A gregarious man, William Livingston conducted Hamilton into a much more glamorous society than the one he left behind. Though benefiting from Livingston largesse, Hamilton was never mistaken for the family help, and he befriended the Livingston children, including the cerebral Brockholst, who was later an eminent Supreme Court judge and already friendly with Aaron Burr. There were also dazzling Livingston daughters to ravish the eye. As one of Burr’s friends observed of Elizabethtown at the time, “There is certainly something amorous in its very air.” 5 Hamilton observed the courtship of the beautiful, high-spirited Sarah Livingston by a young lawyer named John Jay. (So regal was Sarah Livingston’s presence that when she later attended the opera in Paris, some audience members mistook her for the queen of France.) A special rapport sprang up between Hamilton and another Livingston daughter, Catharine, known as Kitty. She was the type of woman Hamilton found irresistible: pretty, coquettish, somewhat spoiled, and always ready for flirtatious banter. Judging from a letter Hamilton wrote to her during the Revolution, one suspects that Kitty was his first romantic conquest in America:
I challenge you to meet me in whatever path you dare. And, if you have no objection, for variety and amusement, we will even make excursions in the flowery walks and roseate bowers of Cupid. You know I am renowned for gallantry and shall always be able to entertain you with a choice collection of the prettiest things imaginable…. You shall be one of the graces, or Diana, or Venus, or something surpassing them all. 6
It is hard to imagine that Alexander Hamilton slept under the same roof as Kitty Livingston and didn’t harbor impure thoughts.
In this sociable world, Hamilton also befriended Livingston’s brother-in-law, William Alexander, a bluff, convivial man known as Lord Stirling because of his contested claim to a Scottish earldom. An extravagant spendthrift, he was already swamped with debt when he met Hamilton. A decade earlier, the handsome, round-faced Stirling had constructed a thousand-acre estate at Basking Ridge, adorned with stables, gardens, and a deer park in imitation of the country houses of British nobility. Like Livingston, Lord Stirling was a curious amalgam of reformer and self-styled aristocrat. He rode about in a coach emblazoned with the Stirling coat of arms and possessed a princely wardrobe of 31 coats, 58 vests, 43 pairs of breeches, 30 shirts, 27 cravats, and 14 pairs of shoes.

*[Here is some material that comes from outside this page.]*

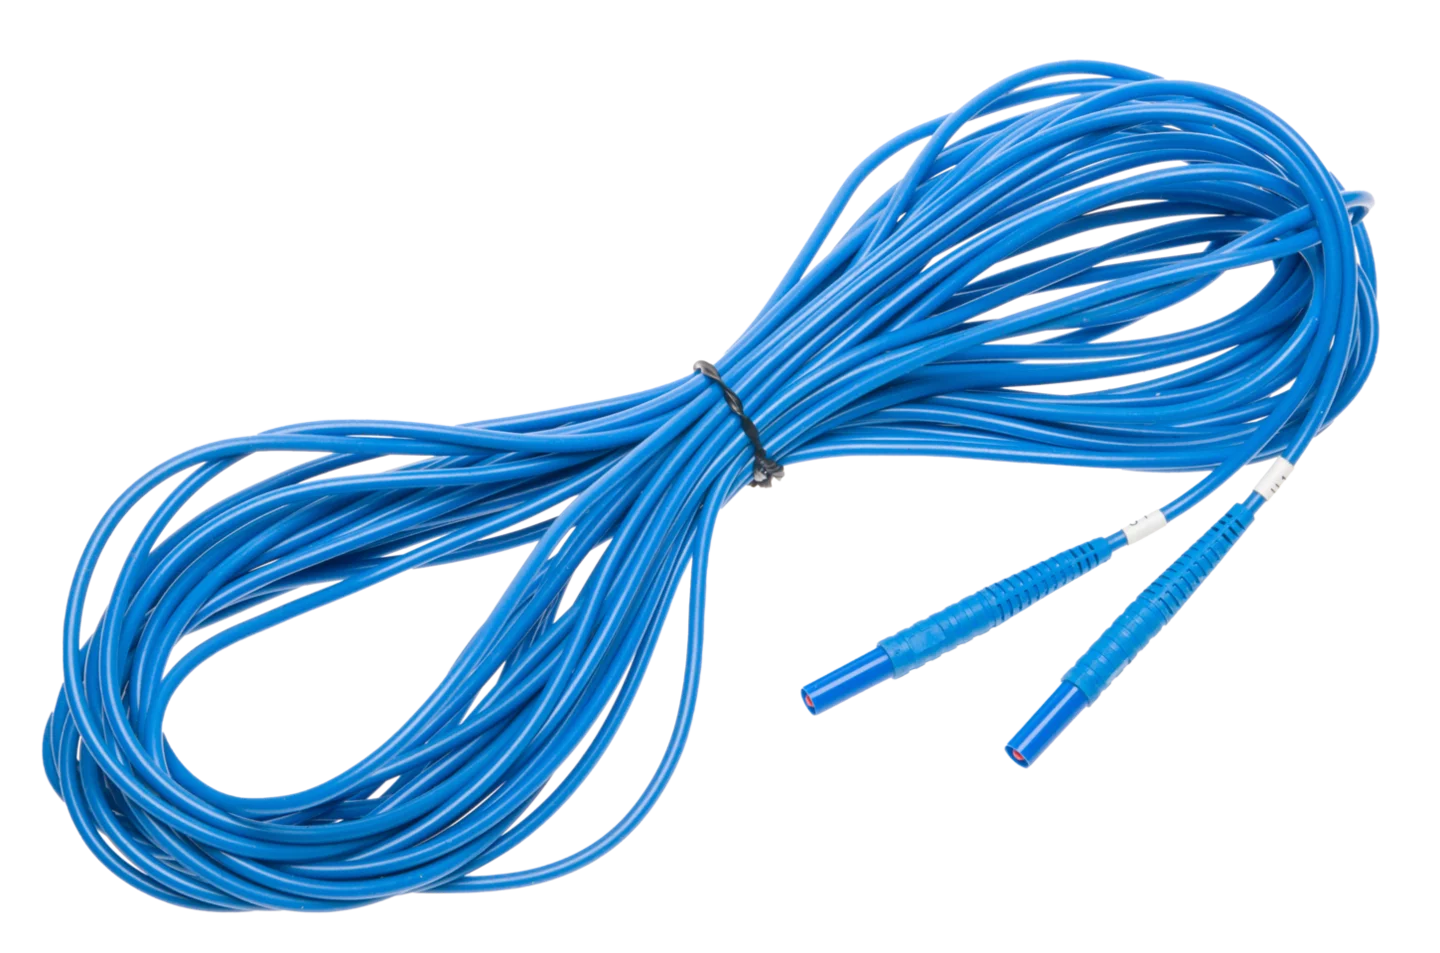 Test lead 15 m 1 kV (banana plugs) U2 blue

If Aaron Burr is to be trusted, Lord Stirling drank his way straight through the American Revolution as a brigadier general, plied by his aide-de-camp, James Monroe, who served as his faithful cupbearer: “Monroe’s whole duty was to fill his lordship’s tankard and hear, with indications of admiration, his lordship’s long stories about himself.” 7 Burr’s barbed commentary doesn’t do justice to the bibulous Lord Stirling, who would win renown in the battle of Brooklyn. He was a literate man with eclectic interests, including mathematics and astronomy (he published a monograph on the transit of Venus), and a cofounder of the New York Society Library. Of special relevance to Hamilton’s future, he was a leading proponent of American manufactures. He bred horses and cattle, grew grapes and made wine, and produced pig iron and hemp. Lord Stirling had one final attraction for Hamilton: he also had enchanting daughters, especially the charming Catharine, always called “Lady Kitty.” She was to marry William Duer, the most notorious friend in Hamilton’s life.